Lost Footage and Found History

Lost Footage and Found History

Date: 13/03/2017 14:05

Beginning with a fixation on my grandfather’s ever present film and video cameras during my childhood, the documentation of everyday life onto either 8mm film or video tape was commonplace to me. A student of photography, passed on to him from his own father who operated photography equipment during WWII, his camera was never far from reach, and undoubtedly rarely missed small moments that may have only been deemed worthwhile to him.

Many of these have since been lost. Some through over-viewing, others accidental damage, and the remainder simply misplaced. A few years ago, after months of personally scanning in every single photo or slide of his that I could find, my passion for cinema and the use of traditional film began to intertwine. From a fascination of the film industry’s unending campaign to preserve their film libraries, through learning about digital restoration through online tutorials in order to mend scans of torn photos, or tweak the colours or exposure of a badly aged slide, a new passion had been awoken.

Watching videos of how films such as ‘Jaws’, ‘The Wizard of Oz’ and even older, had been restored and remastered to look as beautiful as only the original print had before its first projection, it appeared as if there were techniques Hollywood possessed that were out of reach for anything produced outside of the feature film milieu. Creating new digital transfers with accurate colours, exacting detail, and lifelike contrast and exposure. My amateur techniques lacked any semblance of granularity or intent, never spanning beyond the process of taking an unrecognisable blur back from the brink, to an image someone within my family might acknowledge as a relative.

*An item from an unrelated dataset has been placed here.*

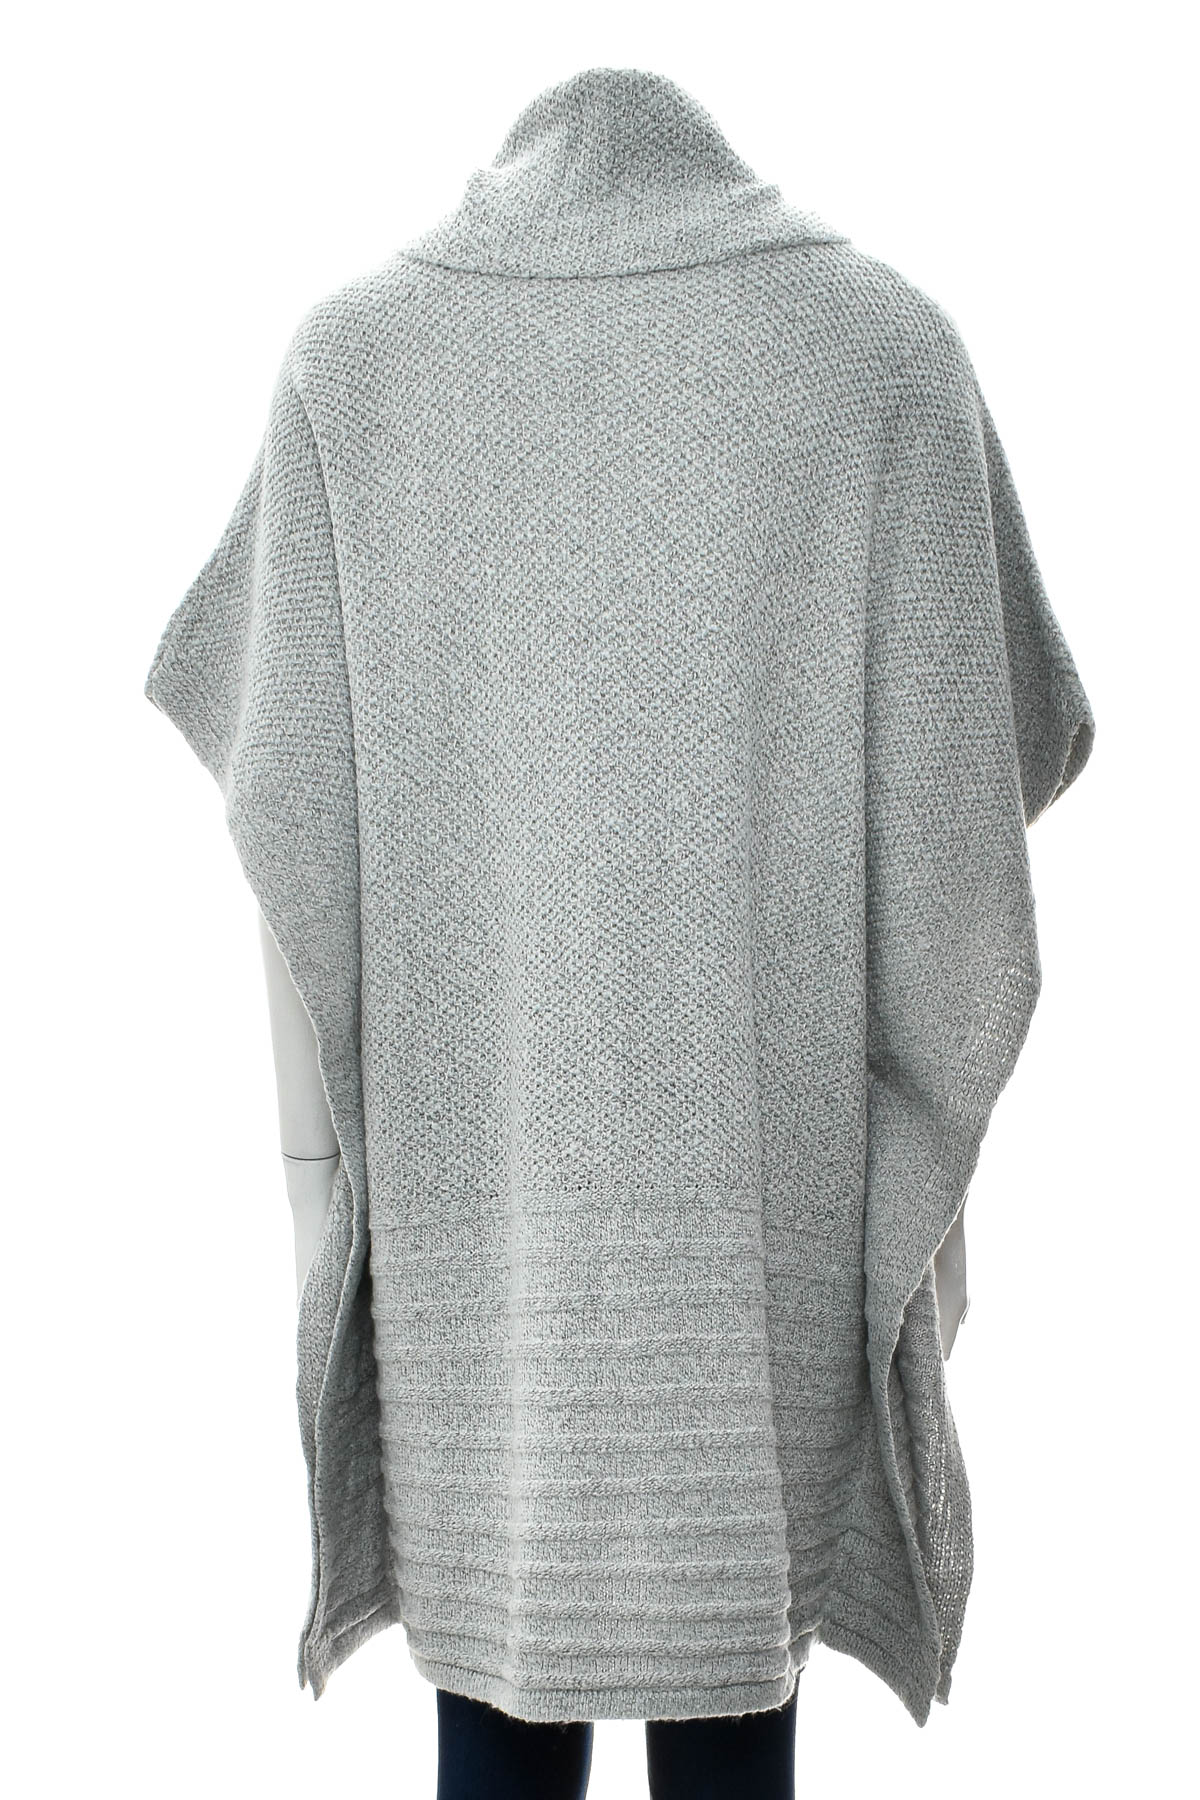 Women's sweater - B Collection - 1

My disappointment at not having the original films of my grandfather, an amateur window into the childhoods of myself, my siblings and even my mother, while present is fortunately not the case for a wealth of homegrown footage, both amateur and professional alike. It’s in seeing the likes of the ‘Super 8 Stories’ series, chronicling at times seemingly unremarkable occurrences like family holidays or a visiting circus, the kind of event I’m sure my grandfather captured as well, that make me think of so much lost footage. While thankfully being able to marvel at the library of videos that, due to the same digital remastering I had years prior assumed was reserved for only the likes of ‘The Wizard of Oz’, have been preserved and shared with anyone wanting to experience them.